Diretor da Escola de Economia de São Paulo, da Fundação Getúlio Vargas, Nakano fala da metodologia que a escola adota para aumentar a fixação de conhecimentos pelos alunos. O método de aprendizagem por problemas recusa as tradicionais aulas expositivas e obriga os estudantes a reter o conteúdo ao explicar uns para os outros o que aprenderam.
Eis a entrevista.
Desde 2013, o sr. tem argumentado sobre a necessidade do ajuste fiscal. Como avalia o ajuste tal como proposto?
Não sou otimista com o ajuste que está sendo feito. A maior parte dos ajustes bem-sucedidos tem três componentes. Uma política cambial com regras críveis, forte contração da despesa, de no mínimo 3% do PIB, e juros baixos para estimular investimento e consumo. A economia se recupera rapidamente. Ajustes que aumentam impostos normalmente não dão certo. A primeira etapa costuma ser a desvalorização cambial que aponta para o empresariado - se o câmbio permanecer competitivo, vai ter condições de exportar. Depois do ajuste cambial, que dá o estímulo à economia, tem o problema do impacto inflacionário. Aí vem o ajuste fiscal: cortam-se despesas do governo, o que dá credibilidade e segura a inflação.
Bem ou mal, desvalorização estamos tendo.
No nosso caso, ninguém tem segurança de que o câmbio vai ficar nesse nível. O empresário brasileiro demora pelo menos dois anos para responder a um ajuste cambial. Nenhum empresário está fazendo operações de adiantamento de câmbio. Todo mundo está esperando para ver o que acontece.
Se o câmbio se mantiver nesse nível, a indústria tem fôlego para se recuperar ou a desindustrialização é irreversível?
Tem fôlego para um longo processo de recuperação, mas o problema de longo prazo é mais complicado. O mundo se reorganizou nos últimos 40 anos e perdemos o bonde. A integração da indústria se deu com ampliação de cadeias globais de valor agregado. Todo esse processo da década de 80 para cá se deu por meio de acordos de livre comércio. Ficamos fora. Só fizemos o Mercosul, o clube dos não competitivos, que não tiveram coragem de fazer um projeto de país. Se temos dificuldade de fazer um mísero ajuste fiscal, imagina mudar toda a estrutura industrial. Nossa economia é fechada e vai continuar assim. Mas uma coisa pelo menos já aconteceu: a indústria brasileira em 1980 era contra qualquer negociação de livre comércio. Hoje, é a favor. O governo é que não é.
Os Estados Unidos preparam elevação dos juros, o que provoca alta do dólar ao redor do mundo.
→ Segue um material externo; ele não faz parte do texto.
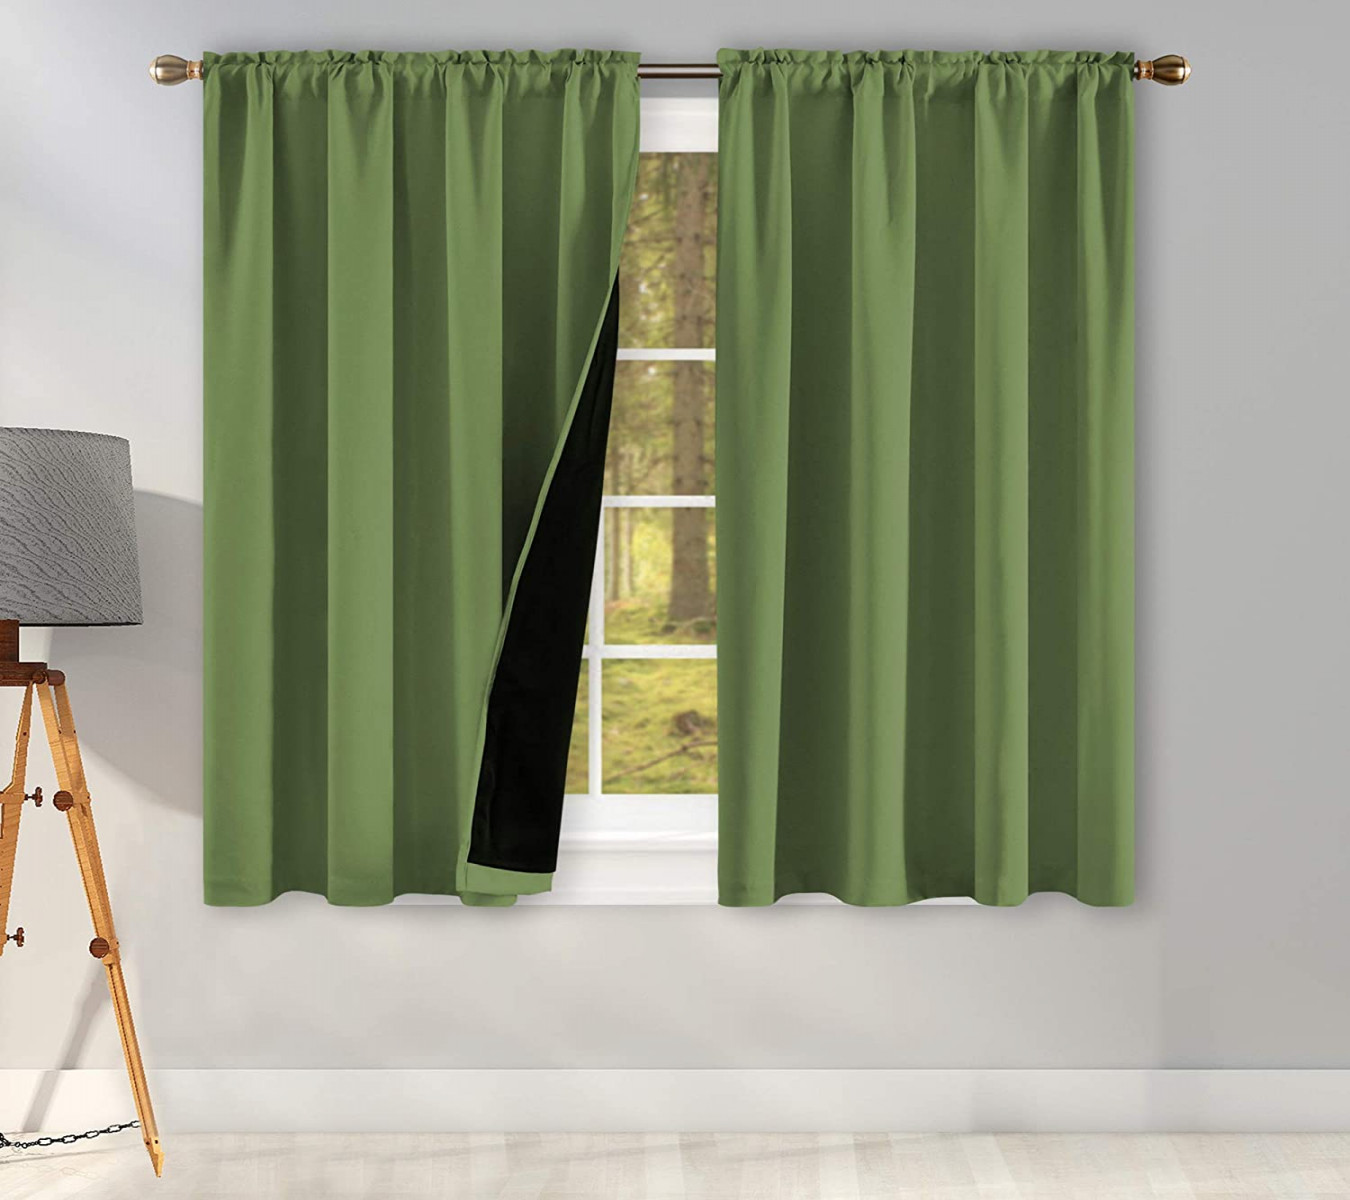 Pack " Length Nursery Blackout Curtains -  Thick Layers Fully  Blackout Thermal Insulated Black Lined Curtains for Small Windows with Rod  Pocket
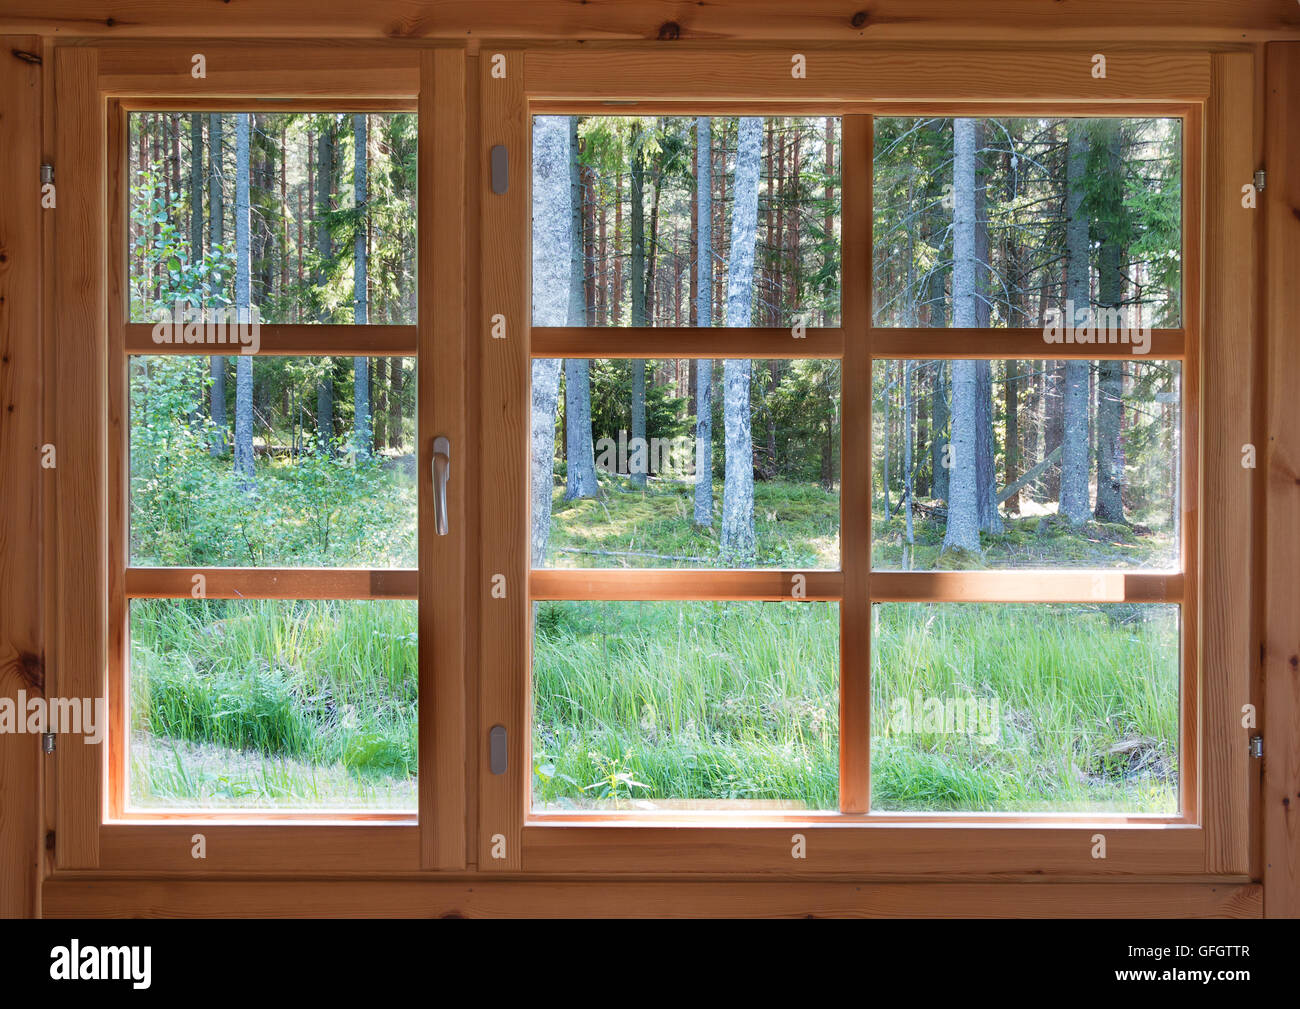 Green sunny view of summer woods in the wooden country window. Stock Photo

Quando os EUA elevaram os juros em 1979, o Brasil quebrou. Como isso refletirá em nós desta vez?
Teremos o mesmo problema. Se tiver conta de capital totalmente livre, vai ter saída súbita de dólares. Mas os EUA estão numa armadilha e a Europa está entrando na mesma: a armadilha do afrouxamento monetário. Em 2013, só de [Ben] Bernanke [ex-presidente do Fed] falar que pararia de comprar títulos no longo prazo, o juro disparou e deu confusão. Estão postergando tanto quanto podem. O afrouxamento torna a base monetária maior do que precisaria ser: são sobras de reservas bancárias que os bancos não conseguem emprestar por falta de demanda de crédito. As empresas preferem pagar a dívida a investir, sabendo que a economia vai crescer devagar.
O sr. comentou também sobre a necessidade de reformas e enfatizou a reforma política, porque as classes emergentes não se sentem refletidas nos partidos.
Ainda não perdi a esperança neste país porque existe essa classe emergente, que, diferentemente da classe média tradicional, é pragmática. Vai reagir em função do bolso. O que querem? Emprego, inflação baixa, melhorar as condições de vida, poder consumir. Quando a política de um país adquire um componente pragmático, e isso hoje constitui a maioria da população, adquire fator de racionalidade. É a economia que interessa, é o emprego, inflação baixa. E isso pode mudar o país. Por exemplo, a carga tributária: finalmente a população está descobrindo que paga muito imposto.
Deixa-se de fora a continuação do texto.